The so-called ambiguity in the environment ministry’s notifications and office memoranda, cited by the Maharashtra government in its presentation to Javadekar as well as mentioned in a special leave petition filed before the Apex Court by BAI, has its roots in the case involving Goel Ganga Developers cited earlier in this report.

At the heart of this case lies a dispute over what is the right definition of Built-Up Area— a technical term that denotes the actual extent to which construction has been carried out in a building project. In the report of Pawar’s lobbying efforts, published in May this year, HuffPost India has explained the relevance of the definition of Built Up Area for the Goel Ganga case in detail.

In a nutshell, Goel Ganga Developers was granted environmental clearance to construct 12 buildings. The company erected 18 buildings instead, arguing that it had not exceeded the total Built-Up Area as defined in the Development Control Rules, 1982, of the Pune Municipal Corporation.

The Supreme Court, however, said that—for environmental clearances—Built-Up Area is calculated as defined in the Environmental Impact Assessment Notification of 2006. Going by this definition, the extent of construction in the building project was way above the limit set in the project’s environment clearance.

But the violation committed by the real estate firm, the court held, did not just result due to an innocent mistake over which definition to apply when calculating Built-Up Area.

“The National Green Tribunal and Supreme Court have both taken serious note of the role of Pune Municipal Corporation, State Environment Impact Assessment Authority and state’s Department of Environment in not only ignoring and hence allowing the violations of the environmental clearance but also their attempt to give the developer a clean chit by conveniently misinterpreting the definition of built up area,” said Jesani, the environment lawyer.

SC dismisses Goel Ganga’s “ambiguity” claim

In 2011, a three-judge bench of the Supreme Court ruled on a matter regarding the Built-Up Area of an open to sky public park in Noida, Uttar Pradesh. In this particular case, the court held that the definition of built-up area in the 2006 notification of the environment ministry cited earlier in this article “needs to be freed from its present ambiguity and vagueness”.

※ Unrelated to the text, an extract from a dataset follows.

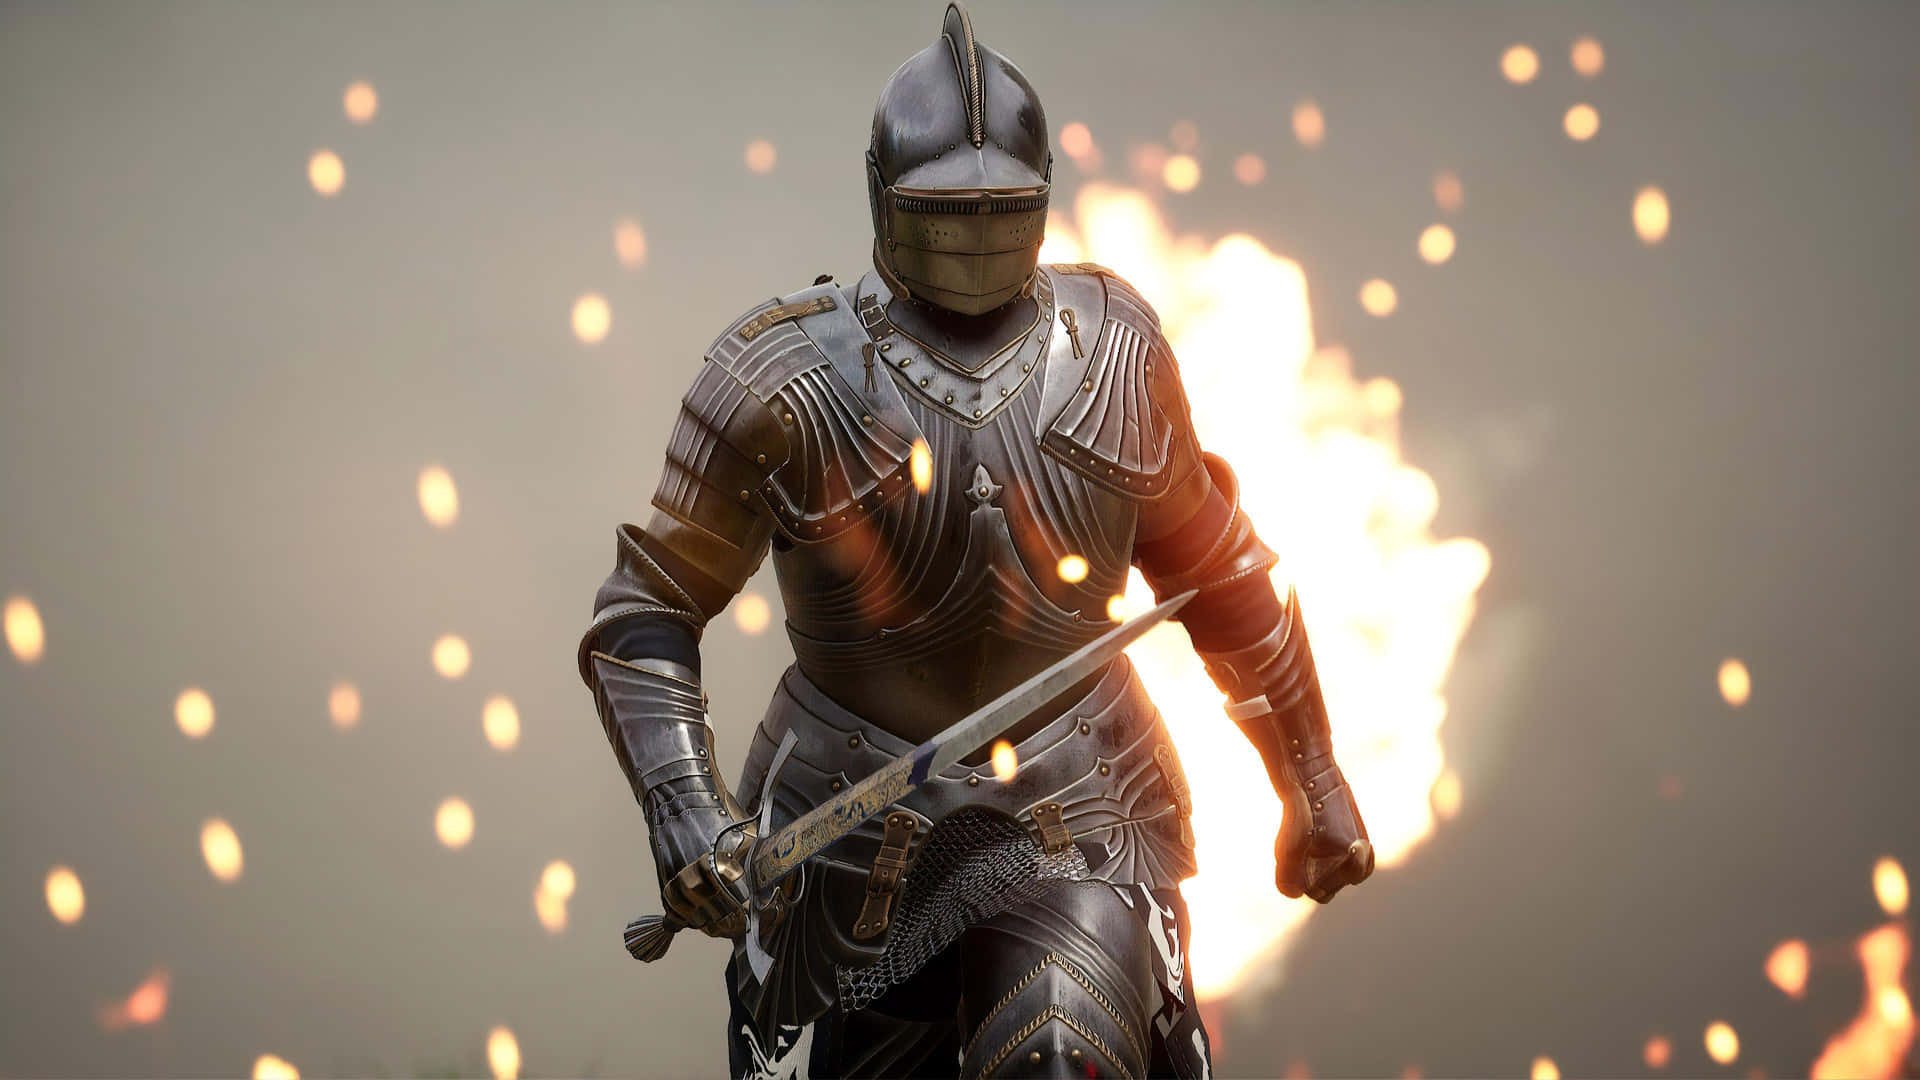 Become an Unstoppable Warrior in Mordhau

But the Goel Ganga case, the Supreme Court said last month in response to the Pune-based firm’s recall application, was different. The 2011 observation on “ambiguity” was not applicable in this matter.

“Though the observations in Para 84, at first blush, support the contention of the applicant, one has to appreciate the factual background in which these observations were made,” the court’s judgement dated 11 September 2019 said.

In other words, the SC said that it had used the term ambiguity in the context of the specific facts of that case and not as a general observation about the 2006 notification.

Yet, the BAI continues to pursue its petition which relies upon the 2011 judgement to demand the legalisation of hundreds of illegal constructions across Maharashtra, and thousands more across the country. The matter acquired great urgency after 5 March 2019, when the environment ministry asked state governments to take action against projects that violated the Environment Impact Assessment notification 2006, based on the SC’s directions given in its 10 August 2018 judgement.

But Maharashtra environment secretary Diggikar said action could not be taken against violators in the state as, in an interim order, the apex court ordered that no coercive action can be taken against them.

While the SC has not yet passed its judgement in the BAI petition, the interim order gives temporary relief to real estate developers. That is because the environment ministry’s direction to state governments about acting against violators can’t be implemented until a final decision is taken in the matter. The environment ministry has not contested or responded to this order in court yet.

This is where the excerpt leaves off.